Most climate change mitigation scenarios rely on increased use of bioenergy to decarbonize the energy system. Here we use results from the 33rd Energy Modeling Forum study (EMF-33) to investigate projected international bioenergy trade for different integrated assessment models across several climate change mitigation scenarios.
Results show that in scenarios with no climate policy, international bioenergy trade is likely to increase over time, and becomes even more important when climate targets are set. More stringent climate targets, however, do not necessarily imply greater bioenergy trade compared to weaker targets, as final energy demand may be reduced.
However, the scaling up of bioenergy trade happens sooner and at a faster rate with increasing climate target stringency. Across models, for a scenario likely to achieve a 2 °C target, 10–45 EJ/year out of a total global bioenergy consumption of 72–214 EJ/year are expected to be traded across nine world regions by 2050. While this projection is greater than the present trade volumes of coal or natural gas, it remains below the present trade of crude oil.

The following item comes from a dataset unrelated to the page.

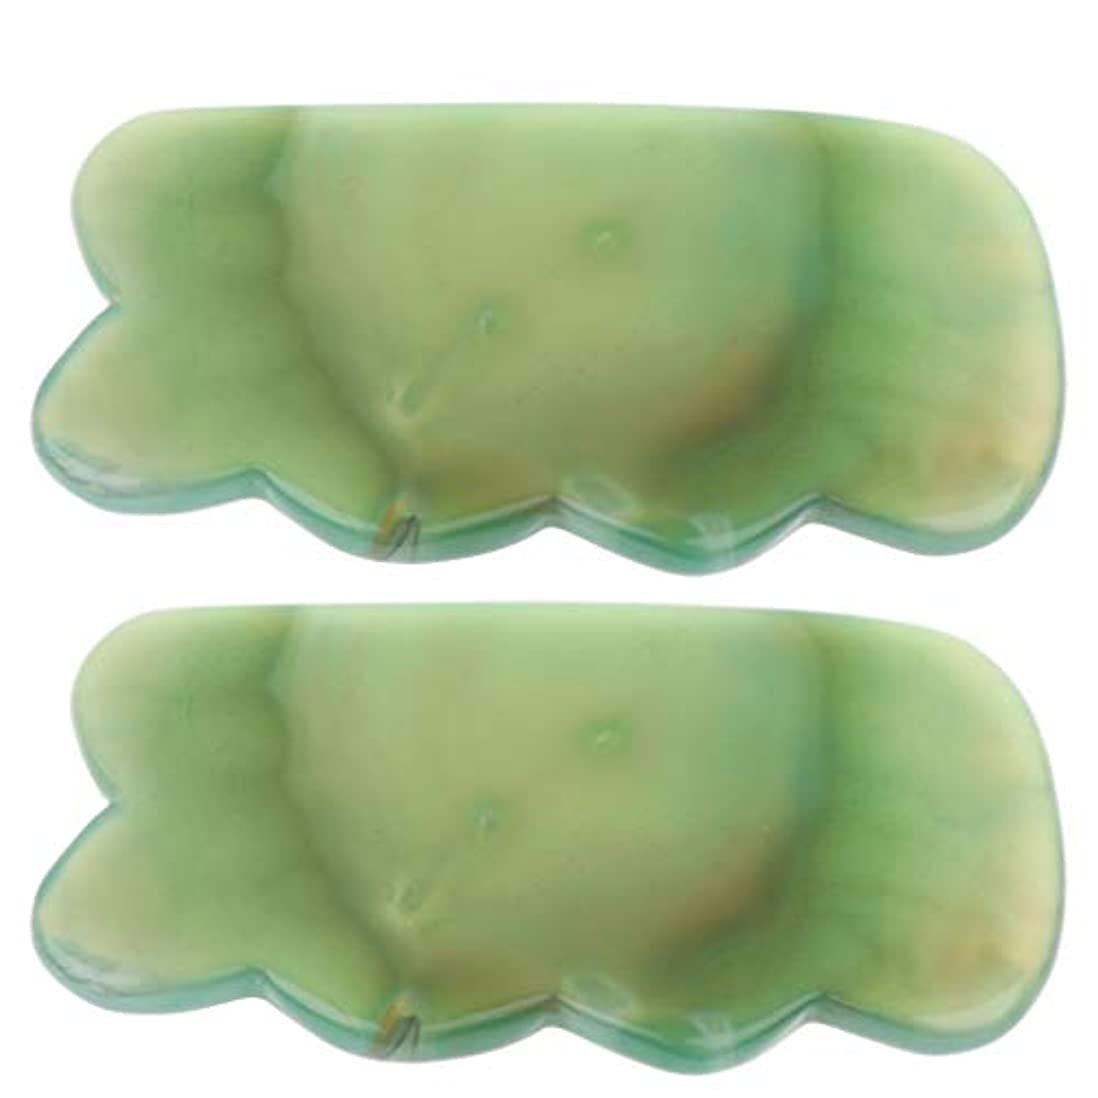 P Prettyia かっさプレート カッサ板 天然石 瑪瑙玉 カッサボード カッサマッサージ道具 スパ 2個入

This growth in bioenergy trade largely replaces the trade in fossil fuels (especially oil) which is projected to decrease significantly over the twenty-first century. As climate change mitigation scenarios often show diversified energy systems, in which numerous world regions can act as bioenergy suppliers, the projections do not necessarily lead to energy security concerns. Nonetheless, rapid growth in the trade of bioenergy is projected in strict climate mitigation scenarios, raising questions about infrastructure, logistics, financing options, and global standards for bioenergy production and trade.